What is expected:
Make an exact copy of all the data, pictures excluded.

Source data:
- - - -
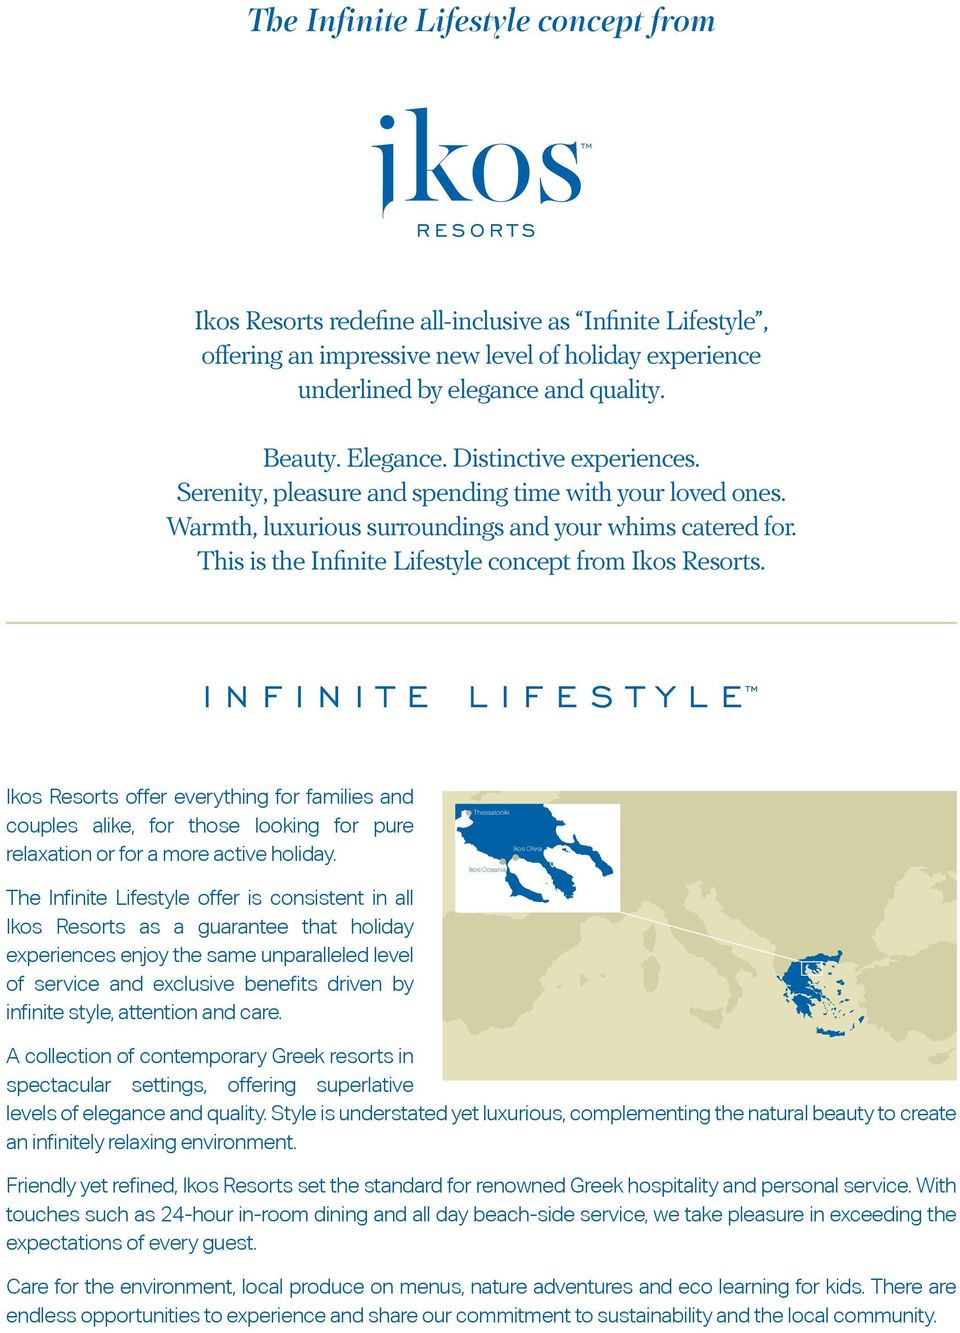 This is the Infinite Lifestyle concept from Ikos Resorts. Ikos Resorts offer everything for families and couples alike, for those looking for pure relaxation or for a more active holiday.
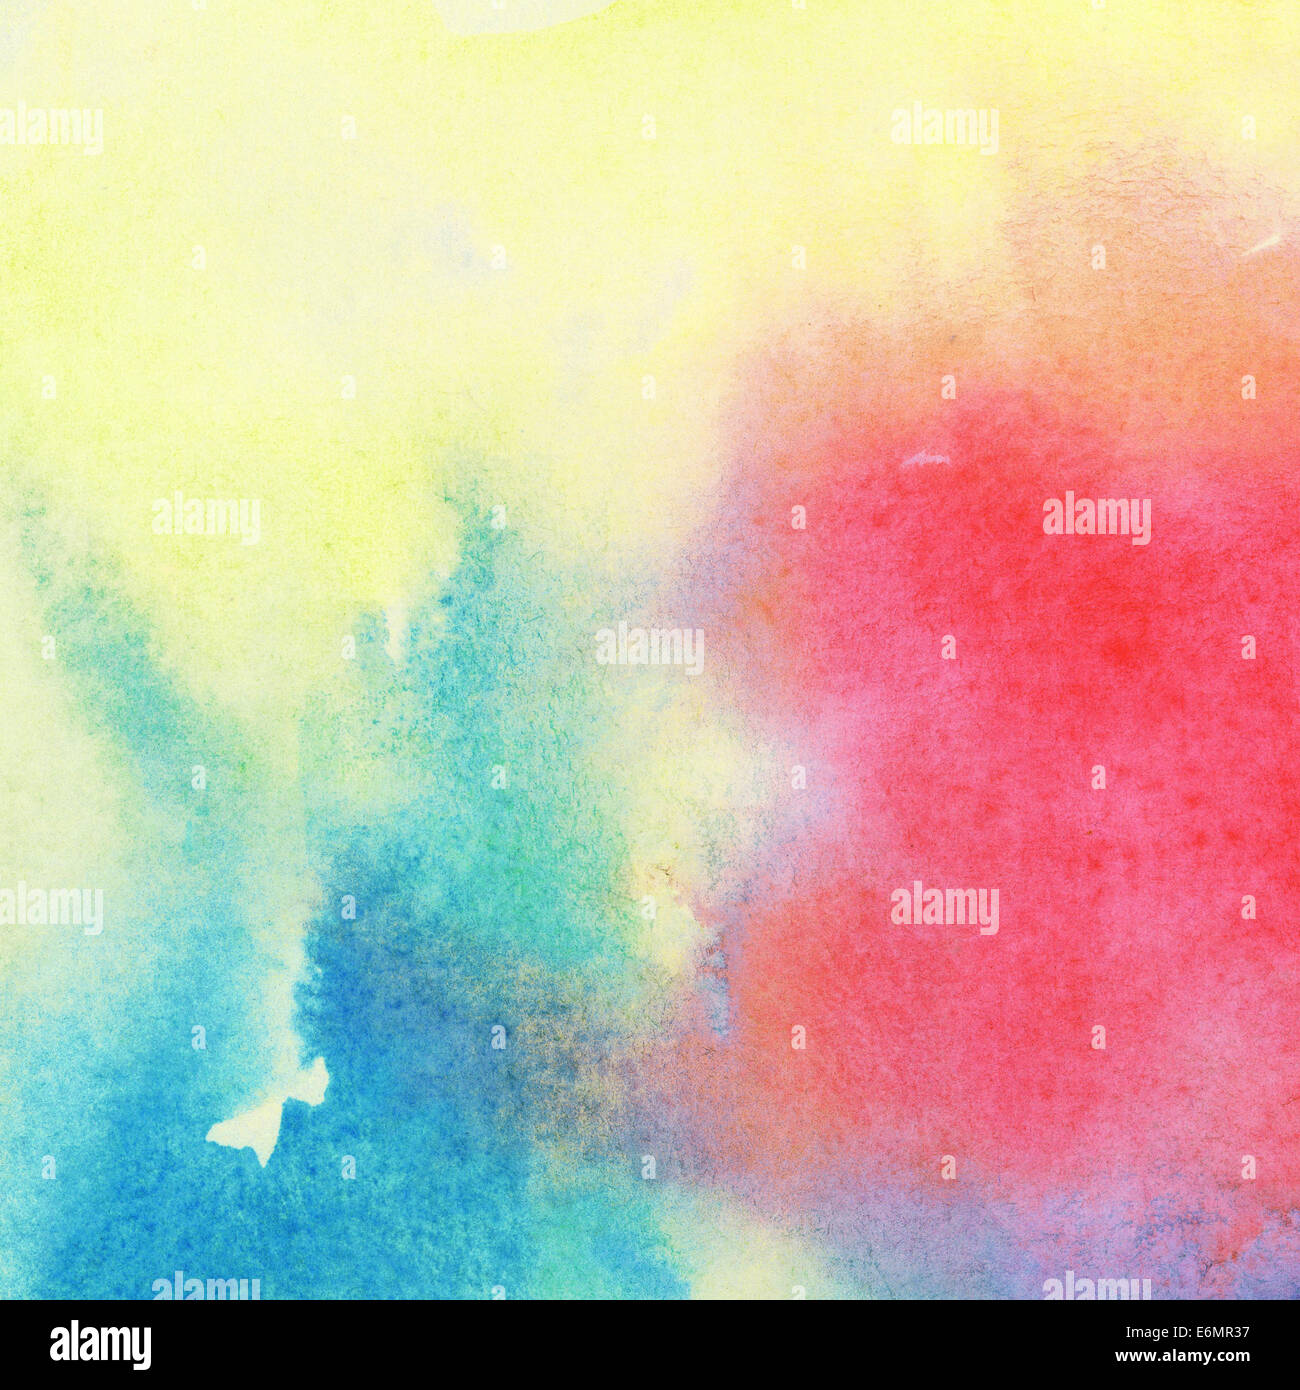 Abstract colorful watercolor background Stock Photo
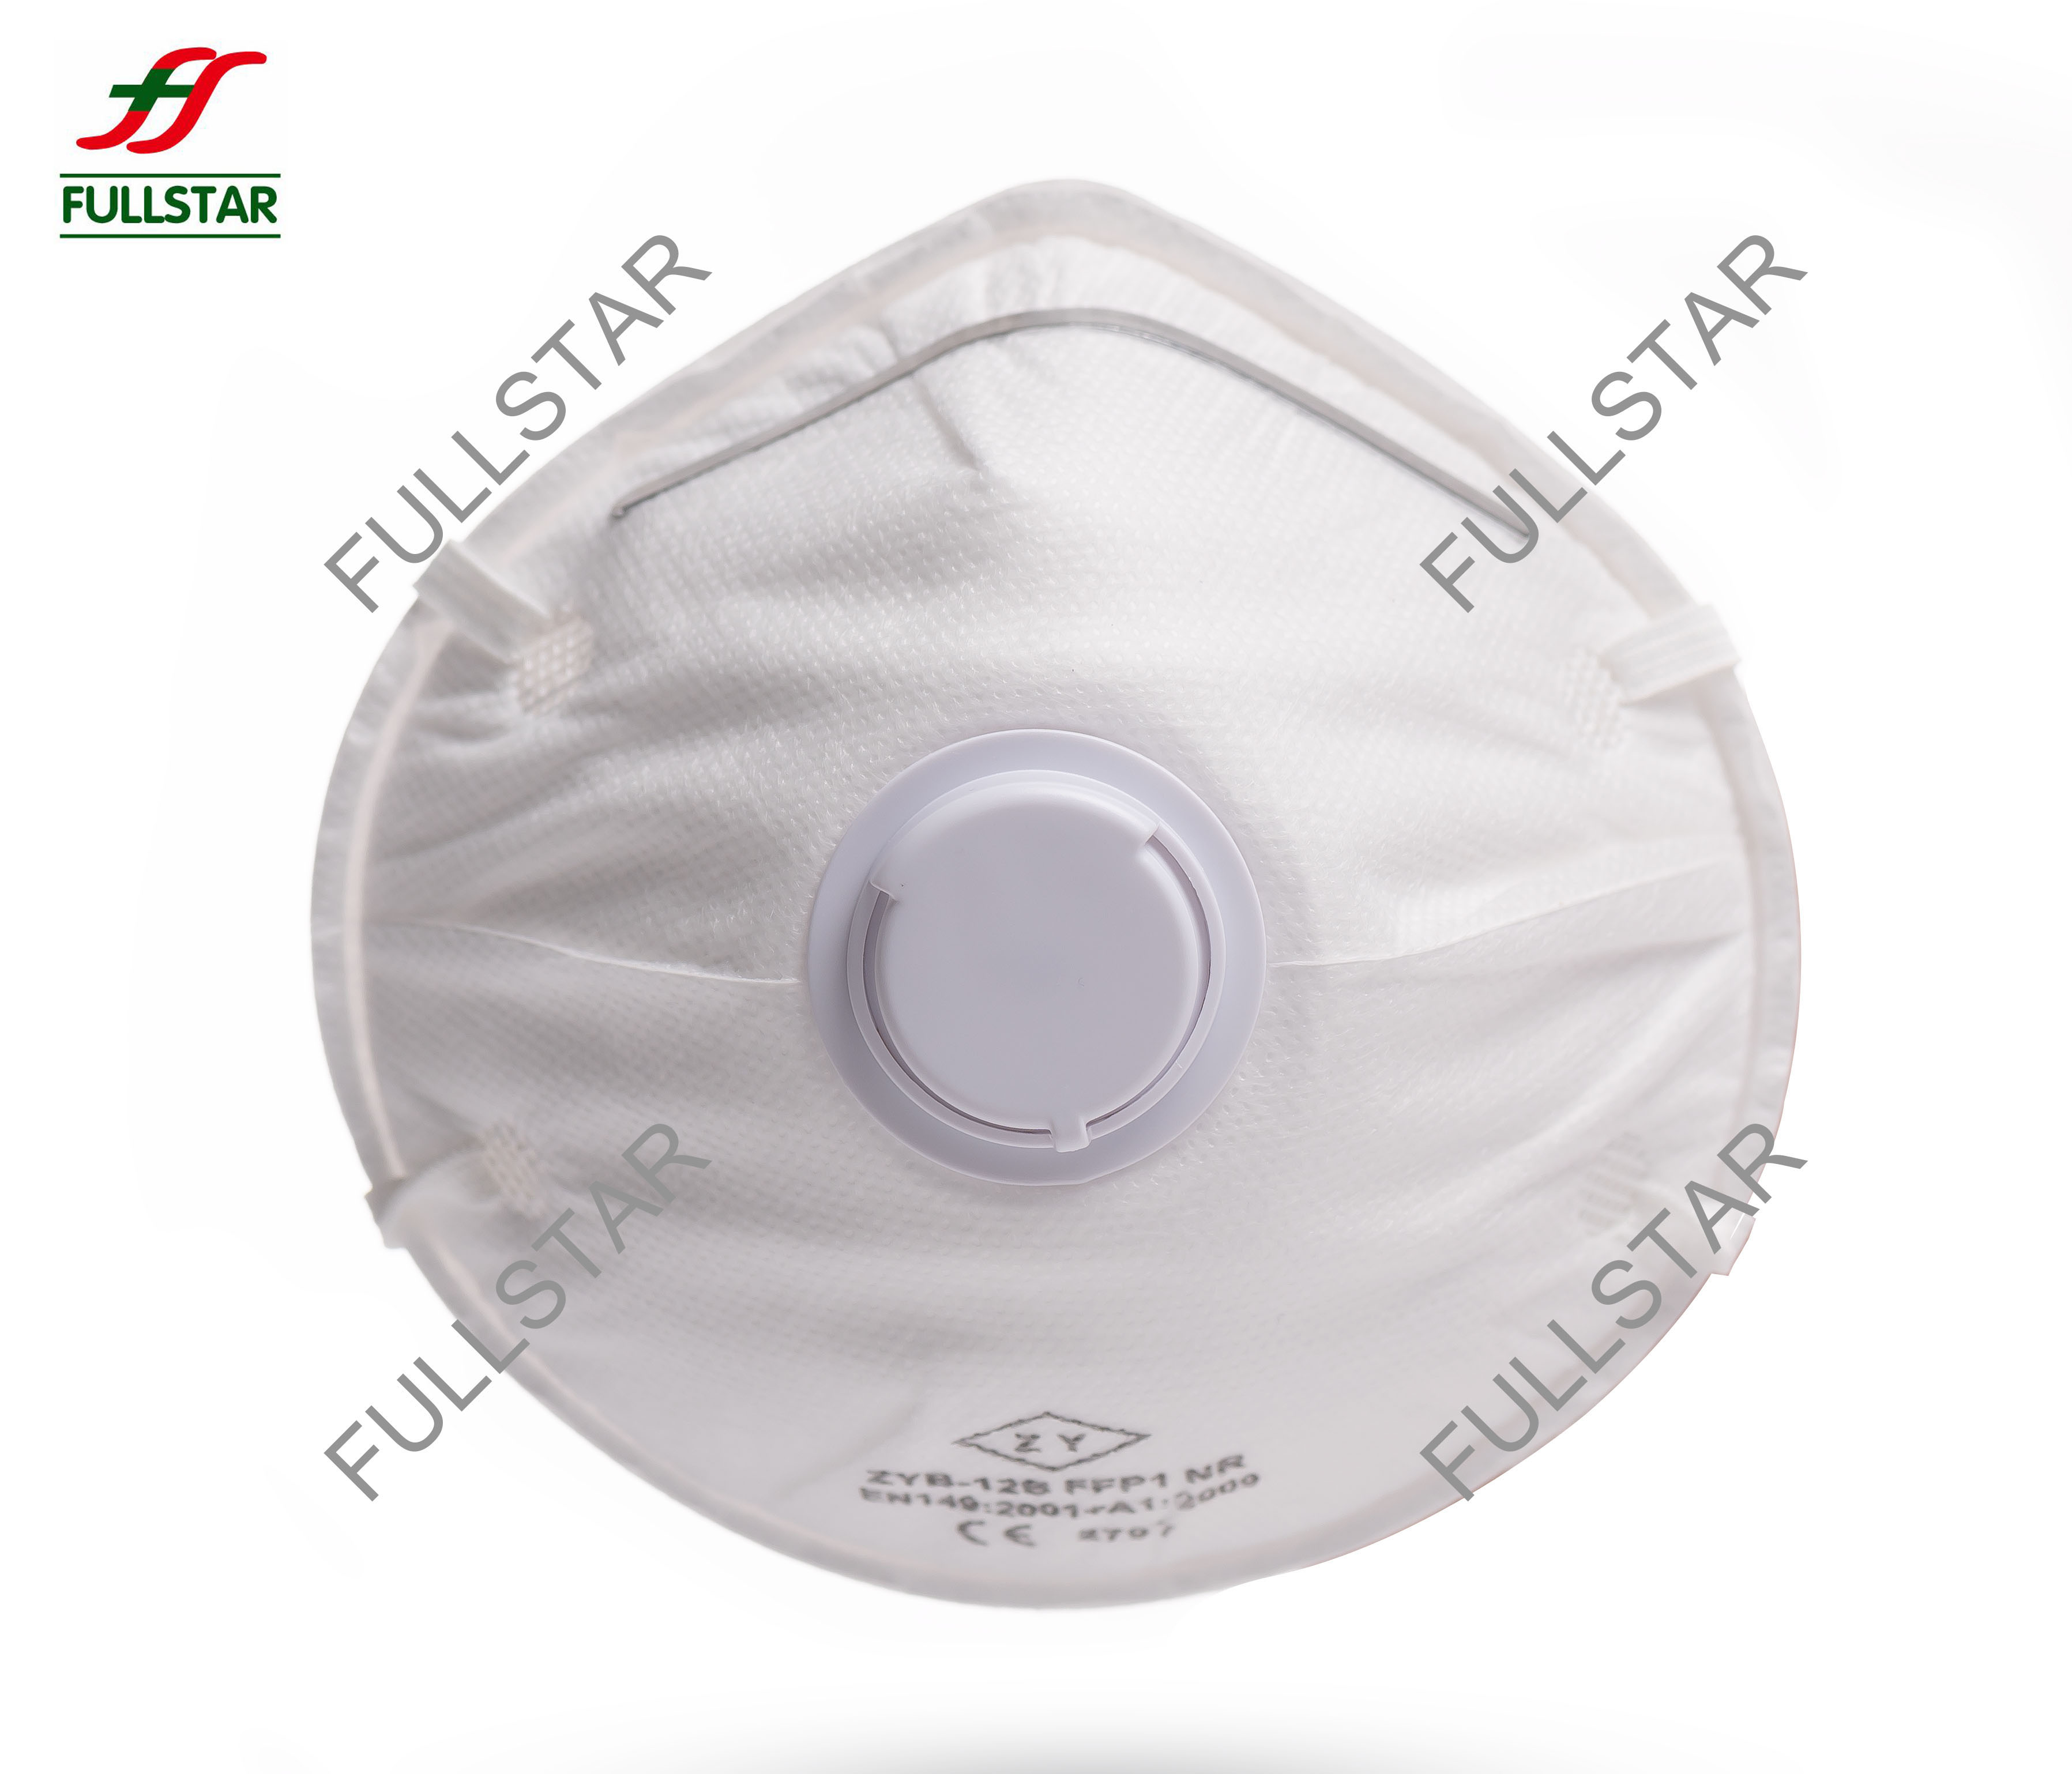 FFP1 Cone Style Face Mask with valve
- - - -
Written response:
 This is the Infinite Lifestyle concept from Ikos Resorts. Ikos Resorts offer everything for families and couples alike, for those looking for pure relaxation or for a more active holiday.
 Abstract colorful watercolor background Stock Photo
 FFP1 Cone Style Face Mask with valve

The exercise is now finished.